COLLECTED MATERIAL:
[Start of section]

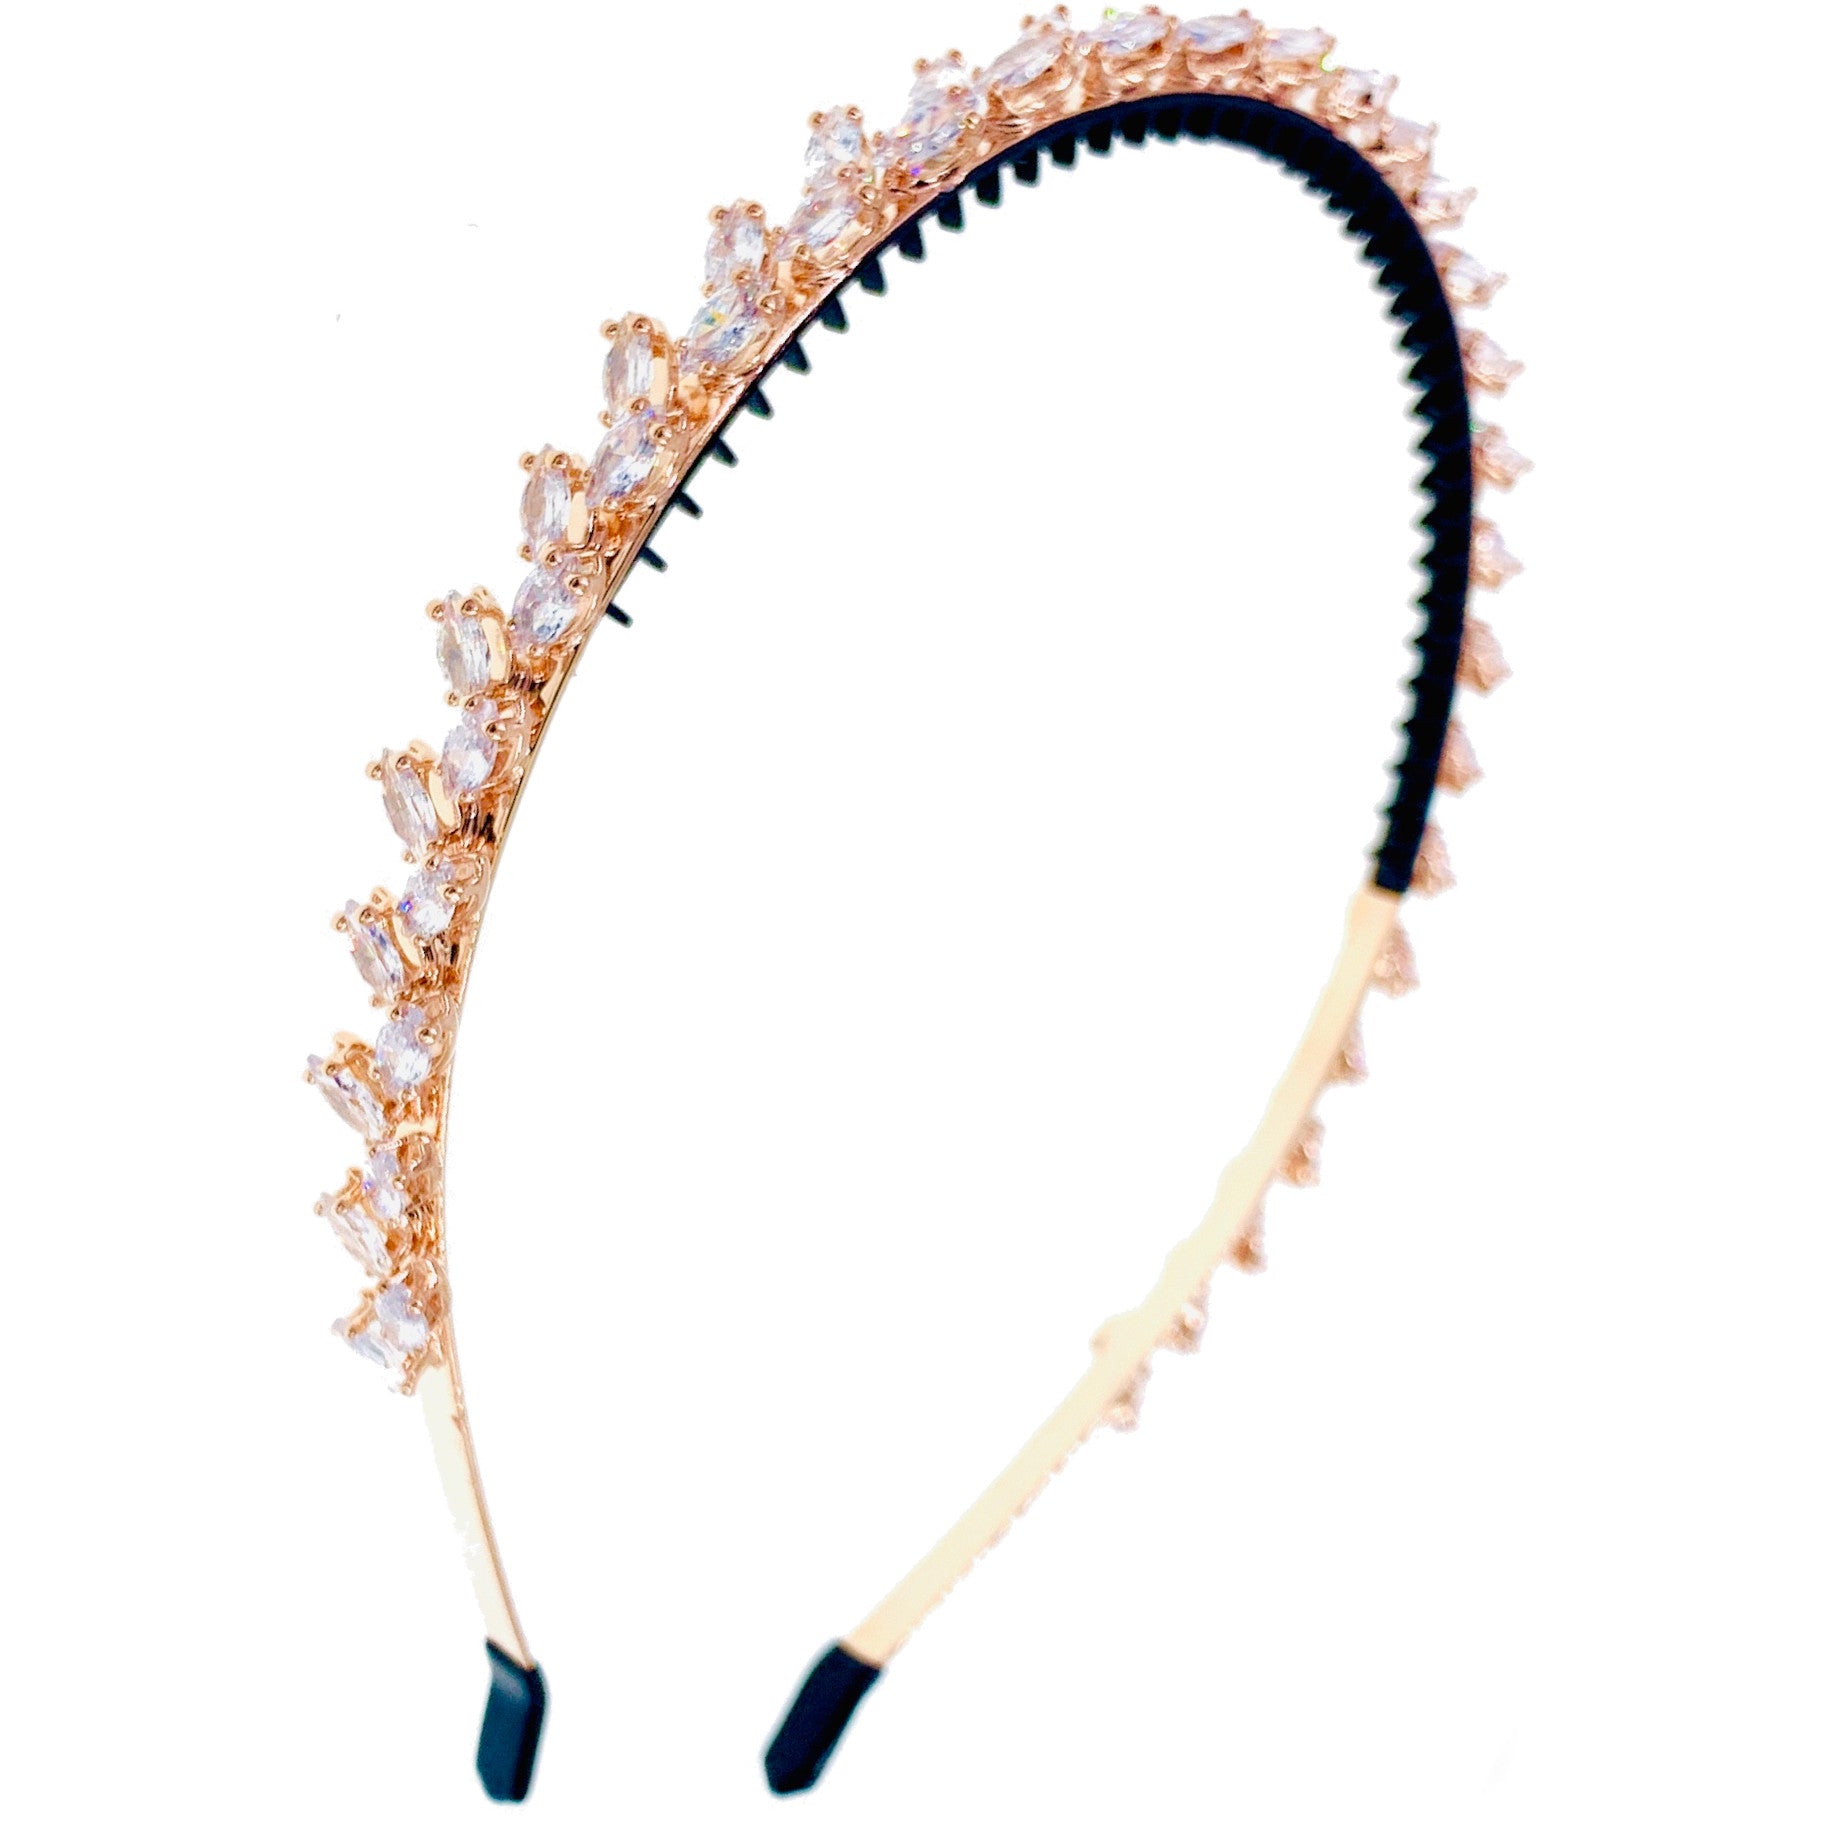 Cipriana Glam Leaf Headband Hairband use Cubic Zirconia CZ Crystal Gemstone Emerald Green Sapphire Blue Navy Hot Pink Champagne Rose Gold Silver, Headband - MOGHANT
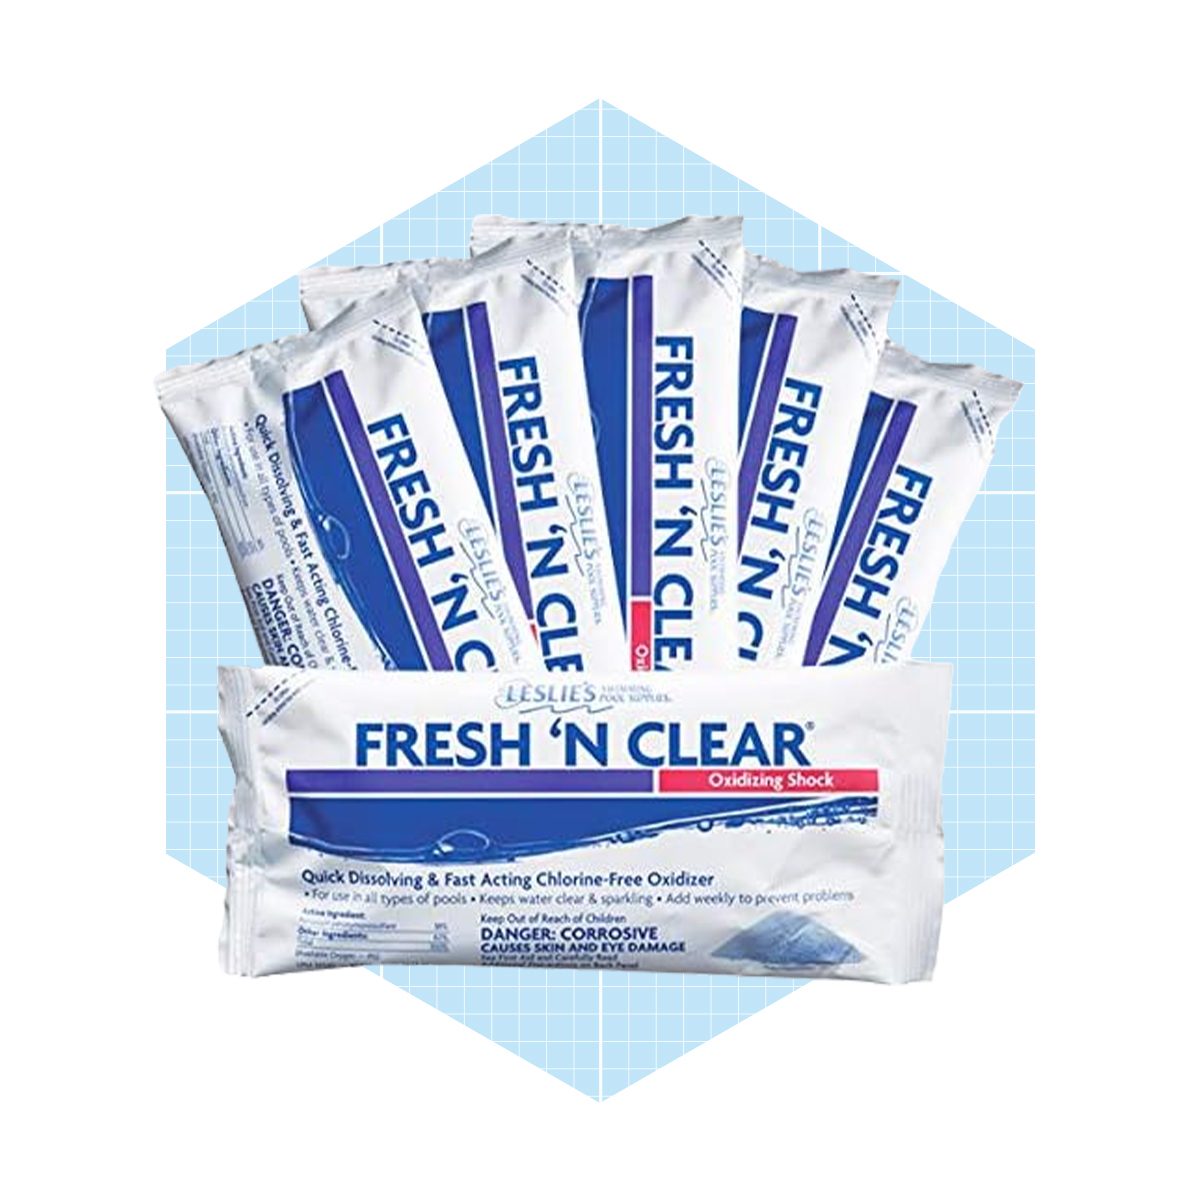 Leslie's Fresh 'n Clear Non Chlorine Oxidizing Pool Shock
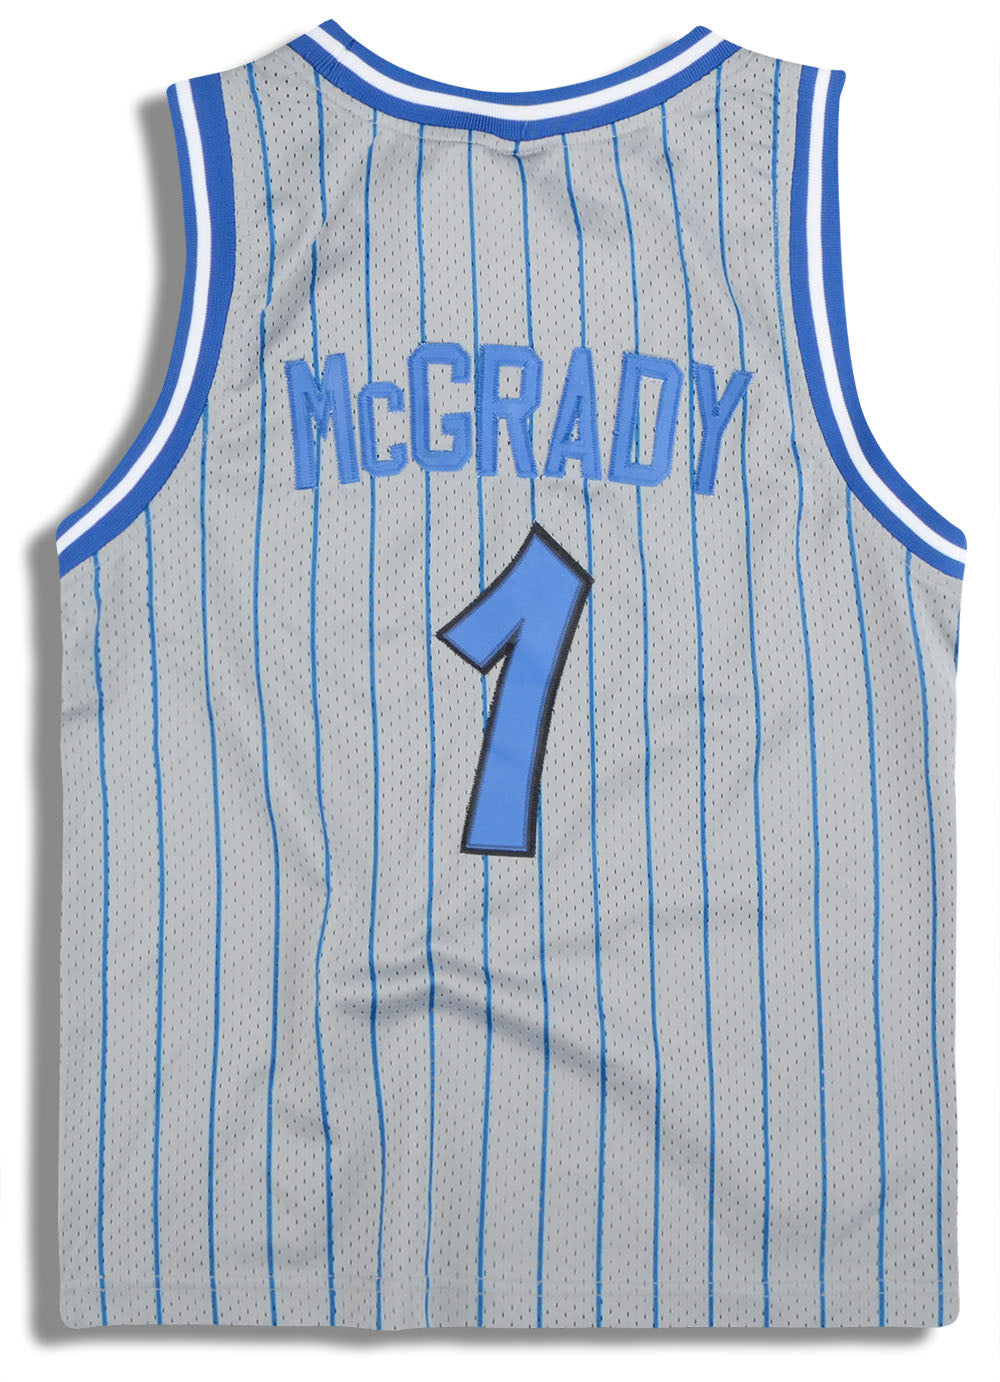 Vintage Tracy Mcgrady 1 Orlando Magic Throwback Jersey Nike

[End of section]

WHAT YOU SHOULD DO:
Down to the final line, restate the material above word for word, but omit its pictures.

RESULT OF THE TASK:
 Cipriana Glam Leaf Headband Hairband use Cubic Zirconia CZ Crystal Gemstone Emerald Green Sapphire Blue Navy Hot Pink Champagne Rose Gold Silver, Headband - MOGHANT
 Leslie's Fresh 'n Clear Non Chlorine Oxidizing Pool Shock
 Vintage Tracy Mcgrady 1 Orlando Magic Throwback Jersey Nike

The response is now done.